[Data excerpts]
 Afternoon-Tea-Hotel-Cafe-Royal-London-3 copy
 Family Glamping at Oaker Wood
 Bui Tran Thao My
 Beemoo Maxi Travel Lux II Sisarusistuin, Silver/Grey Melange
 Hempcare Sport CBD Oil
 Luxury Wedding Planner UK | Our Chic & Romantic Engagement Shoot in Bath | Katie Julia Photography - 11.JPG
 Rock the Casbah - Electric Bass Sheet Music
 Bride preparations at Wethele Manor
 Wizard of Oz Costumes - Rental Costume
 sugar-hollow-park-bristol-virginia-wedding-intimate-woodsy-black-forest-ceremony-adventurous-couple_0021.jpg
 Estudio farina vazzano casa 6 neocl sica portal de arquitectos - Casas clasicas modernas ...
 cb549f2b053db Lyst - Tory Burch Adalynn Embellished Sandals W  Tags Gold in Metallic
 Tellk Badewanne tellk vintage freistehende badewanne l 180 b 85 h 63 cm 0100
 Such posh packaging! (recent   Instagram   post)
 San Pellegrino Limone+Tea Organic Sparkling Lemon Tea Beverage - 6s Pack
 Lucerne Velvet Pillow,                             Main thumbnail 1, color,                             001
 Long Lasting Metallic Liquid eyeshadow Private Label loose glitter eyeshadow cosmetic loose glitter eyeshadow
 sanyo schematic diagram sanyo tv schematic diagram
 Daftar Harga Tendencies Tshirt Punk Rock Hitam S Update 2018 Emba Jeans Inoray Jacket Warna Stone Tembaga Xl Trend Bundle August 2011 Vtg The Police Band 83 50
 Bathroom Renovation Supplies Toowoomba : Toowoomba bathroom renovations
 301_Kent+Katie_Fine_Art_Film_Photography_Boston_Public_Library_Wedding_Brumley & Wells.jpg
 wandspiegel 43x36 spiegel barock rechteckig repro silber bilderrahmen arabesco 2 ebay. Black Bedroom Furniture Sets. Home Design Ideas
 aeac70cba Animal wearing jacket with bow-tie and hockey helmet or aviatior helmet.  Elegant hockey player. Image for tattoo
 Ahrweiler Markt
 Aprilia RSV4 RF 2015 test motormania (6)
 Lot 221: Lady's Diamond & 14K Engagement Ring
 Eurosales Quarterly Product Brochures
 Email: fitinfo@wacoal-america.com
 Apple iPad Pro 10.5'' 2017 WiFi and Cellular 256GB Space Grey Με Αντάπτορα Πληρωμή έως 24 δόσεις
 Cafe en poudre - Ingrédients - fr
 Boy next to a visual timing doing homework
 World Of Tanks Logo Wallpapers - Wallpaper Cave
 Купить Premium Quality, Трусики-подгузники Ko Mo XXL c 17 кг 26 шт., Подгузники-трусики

Exercise.
Retype all of the entries. Keep each one exactly as written.

Final answer.
 Afternoon-Tea-Hotel-Cafe-Royal-London-3 copy
 Family Glamping at Oaker Wood
 Bui Tran Thao My
 Beemoo Maxi Travel Lux II Sisarusistuin, Silver/Grey Melange
 Hempcare Sport CBD Oil
 Luxury Wedding Planner UK | Our Chic & Romantic Engagement Shoot in Bath | Katie Julia Photography - 11.JPG
 Rock the Casbah - Electric Bass Sheet Music
 Bride preparations at Wethele Manor
 Wizard of Oz Costumes - Rental Costume
 sugar-hollow-park-bristol-virginia-wedding-intimate-woodsy-black-forest-ceremony-adventurous-couple_0021.jpg
 Estudio farina vazzano casa 6 neocl sica portal de arquitectos - Casas clasicas modernas ...
 cb549f2b053db Lyst - Tory Burch Adalynn Embellished Sandals W  Tags Gold in Metallic
 Tellk Badewanne tellk vintage freistehende badewanne l 180 b 85 h 63 cm 0100
 Such posh packaging! (recent   Instagram   post)
 San Pellegrino Limone+Tea Organic Sparkling Lemon Tea Beverage - 6s Pack
 Lucerne Velvet Pillow,                             Main thumbnail 1, color,                             001
 Long Lasting Metallic Liquid eyeshadow Private Label loose glitter eyeshadow cosmetic loose glitter eyeshadow
 sanyo schematic diagram sanyo tv schematic diagram
 Daftar Harga Tendencies Tshirt Punk Rock Hitam S Update 2018 Emba Jeans Inoray Jacket Warna Stone Tembaga Xl Trend Bundle August 2011 Vtg The Police Band 83 50
 Bathroom Renovation Supplies Toowoomba : Toowoomba bathroom renovations
 301_Kent+Katie_Fine_Art_Film_Photography_Boston_Public_Library_Wedding_Brumley & Wells.jpg
 wandspiegel 43x36 spiegel barock rechteckig repro silber bilderrahmen arabesco 2 ebay. Black Bedroom Furniture Sets. Home Design Ideas
 aeac70cba Animal wearing jacket with bow-tie and hockey helmet or aviatior helmet.  Elegant hockey player. Image for tattoo
 Ahrweiler Markt
 Aprilia RSV4 RF 2015 test motormania (6)
 Lot 221: Lady's Diamond & 14K Engagement Ring
 Eurosales Quarterly Product Brochures
 Email: fitinfo@wacoal-america.com
 Apple iPad Pro 10.5'' 2017 WiFi and Cellular 256GB Space Grey Με Αντάπτορα Πληρωμή έως 24 δόσεις
 Cafe en poudre - Ingrédients - fr
 Boy next to a visual timing doing homework
 World Of Tanks Logo Wallpapers - Wallpaper Cave
 Купить Premium Quality, Трусики-подгузники Ko Mo XXL c 17 кг 26 шт., Подгузники-трусики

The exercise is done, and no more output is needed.